7 de enero de 2019

El mendigo loco


Aquí, donde estoy, acaba para mí el mundo. Hace tan sólo unos meses no había límites en mi vida. Podía entrar y salir de casa cuando quisiera. Transitaba las calles, iba a garitos, visitaba museos y veía exposiciones, sentía vértigo cuando me asomaba a las ruinas de mi ciudad y a sus restos arqueológicos, cosía los lomos de los libros deshojados, esculpía figurillas, me echaba un cigarrillo (incluso algún porro), me tomaba un chupito de licor de manzana (sólo en ocasiones), tomaba “litros” de café solo (también con nata o leche condensada), experimentaba en la cocina con alguna receta nueva...
Ahora gozo de la misma libertad que antes (no estoy en la cárcel, si acaso mi presidio es un presidio interior) pero tengo el alma rajada. Por eso me paso las horas durmiendo o viendo la televisión y sus programas basura o escuchando las noticias que me informan de lo que pasa en un mundo del que no quiero saber nada.
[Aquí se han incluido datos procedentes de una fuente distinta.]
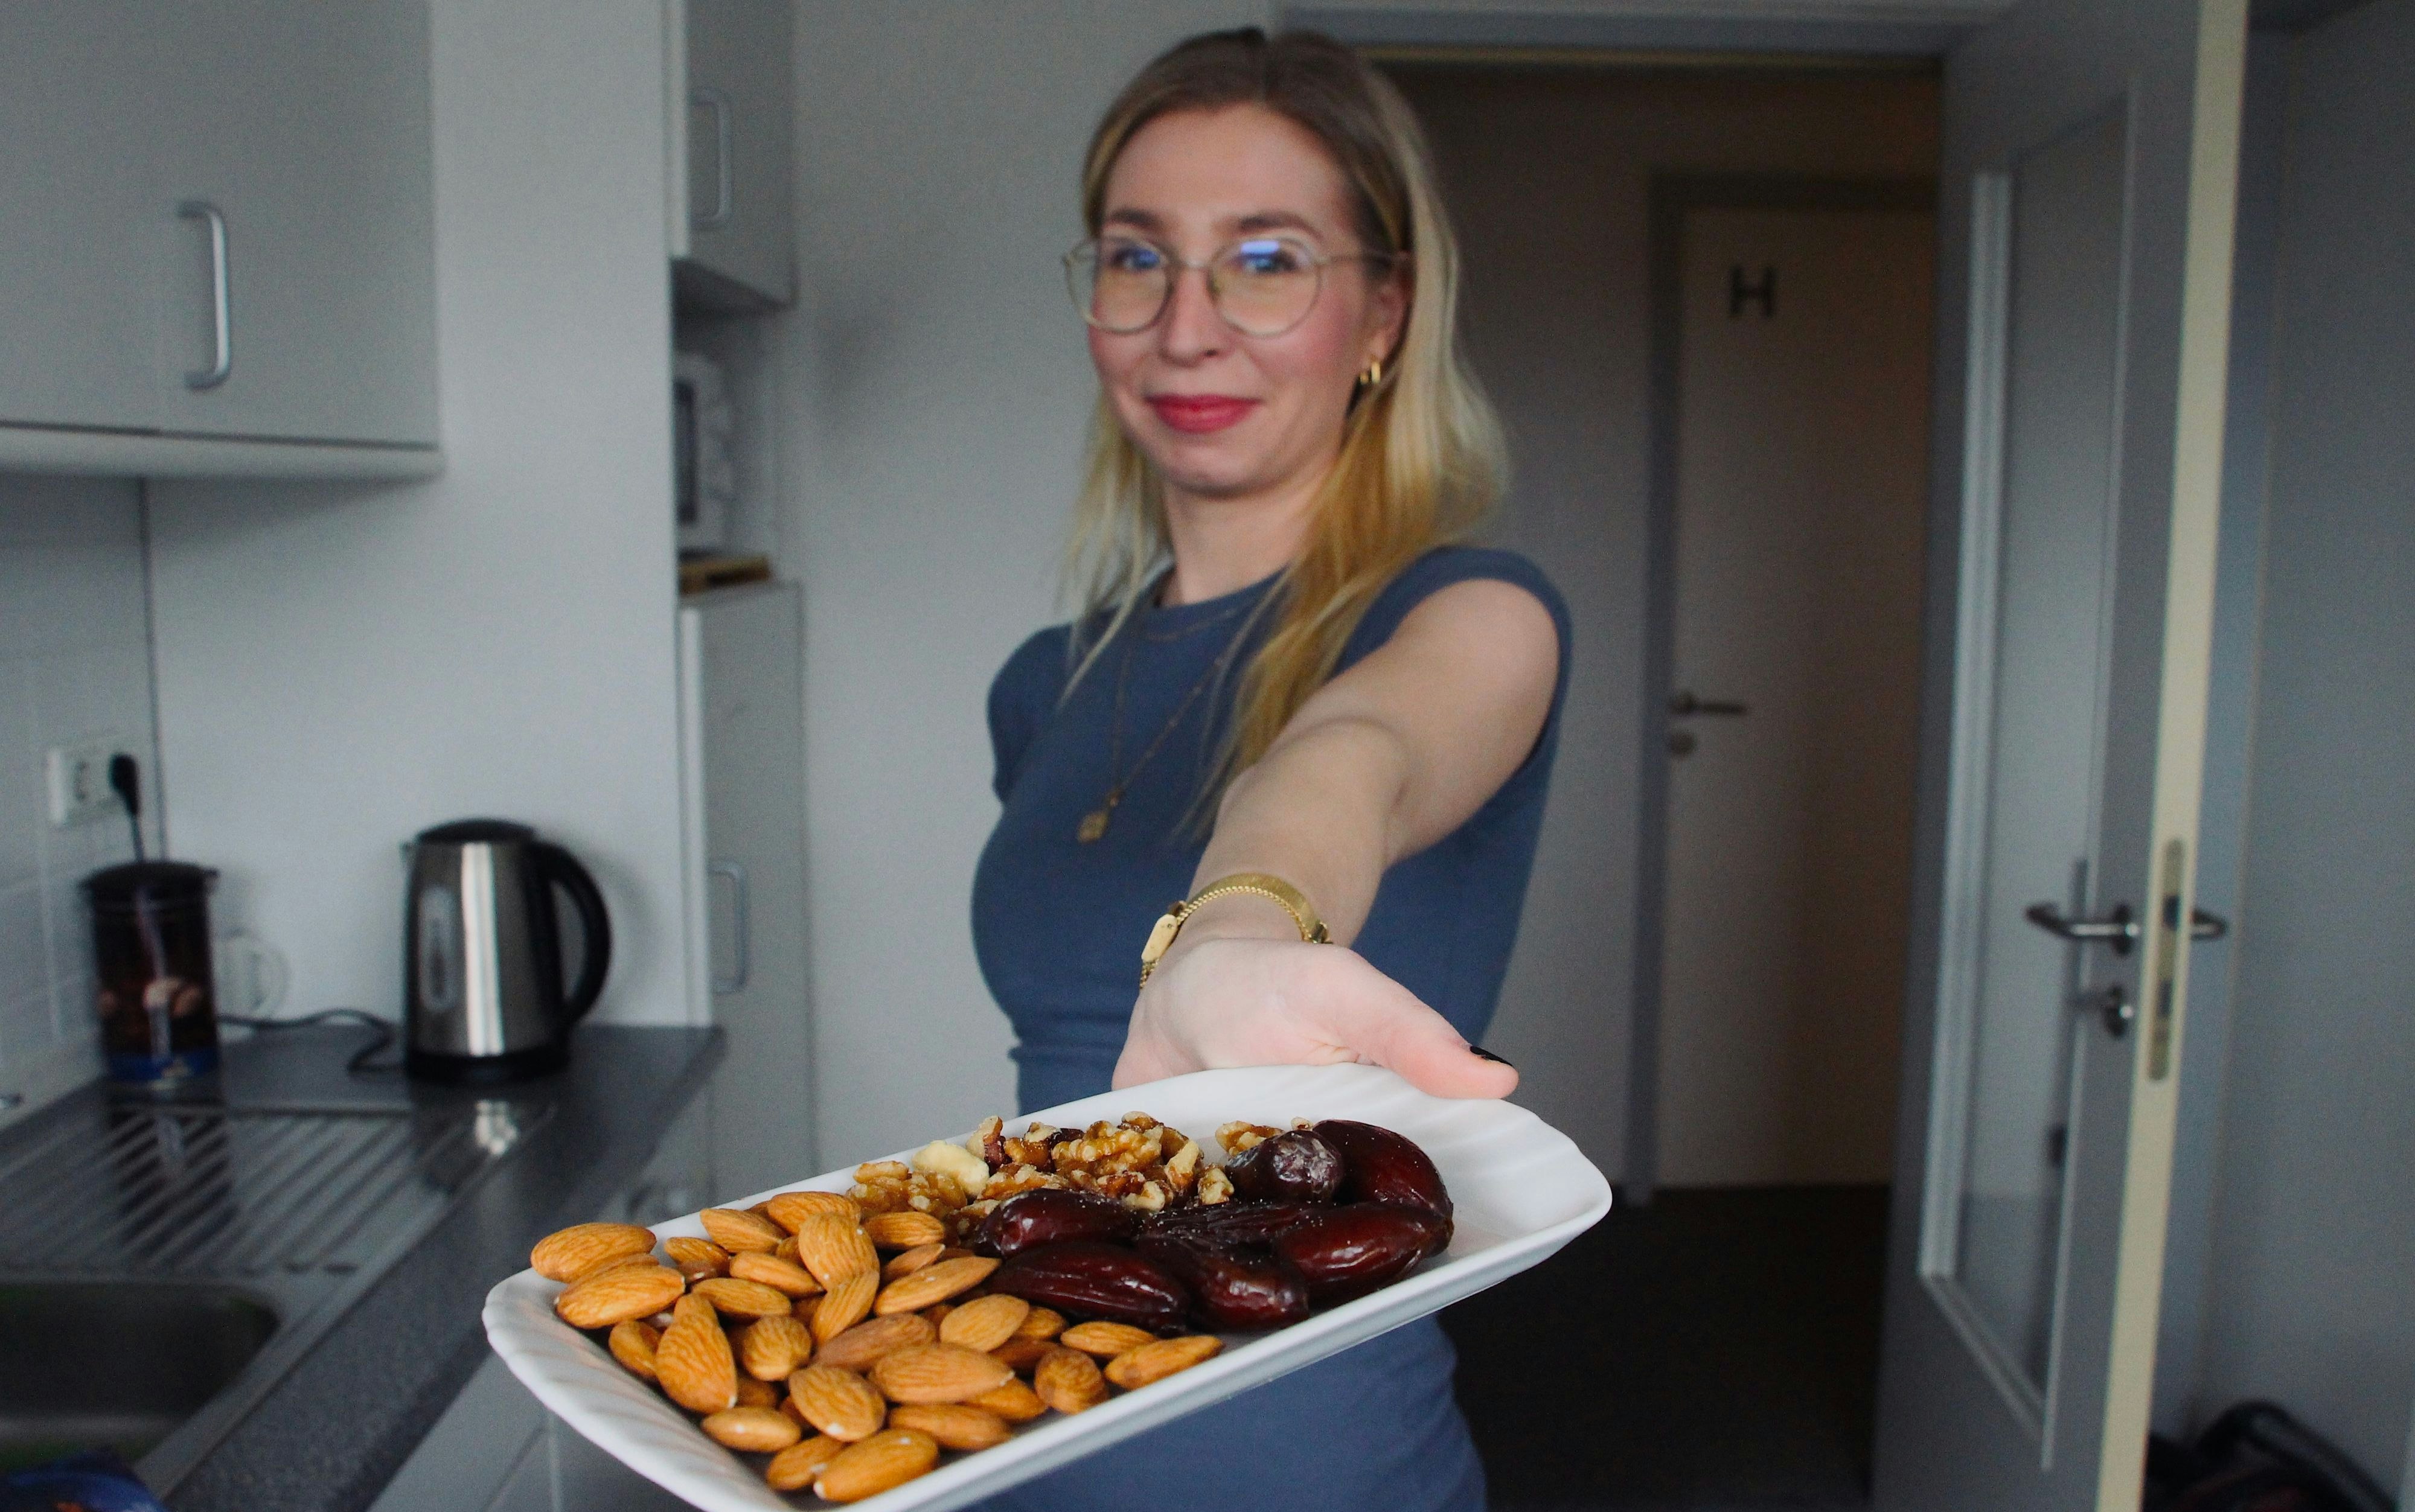 Gesunde Snacks für zwischendurch: Mandeln, Datteln und Walnüsse. Foto: E. Wenzel

Ahora ya no me apetece ni siquiera bajar al café de la esquina; mi fuente de placer se ha agotado y me siento como un niño al que le han robado sus juguetes. Aquí, en mi casa sigue existiendo parte de lo que fue mi “santuario” (del que procedía casi toda mi alegría interior) pero el mero hecho de dar unos pasos y acercarme a él me duele. Metí en bolsas todos los accesorios y sólo dejé fuera algunos libros que seguramente estarán llenos de polvo, el traje que llevé aquel día y que todavía olerá a sudor, sábanas amarillentas cubriendo la mesita donde el incienso ardía y lo perfumaba todo dándole un aire místico de procedencia hindú u oriental, un sillón de orejas donde me sentaba a leer y a escuchar música relajante, un portátil (no me gusta la tecnología pero así podía bajarme vídeos)..., incluso alguna telaraña colgará del techo tejiendo con sus hilos una red que también puedo sentir yo en el pecho, oprimiéndome y asfixiándome porque mi felicidad ya pasó de largo.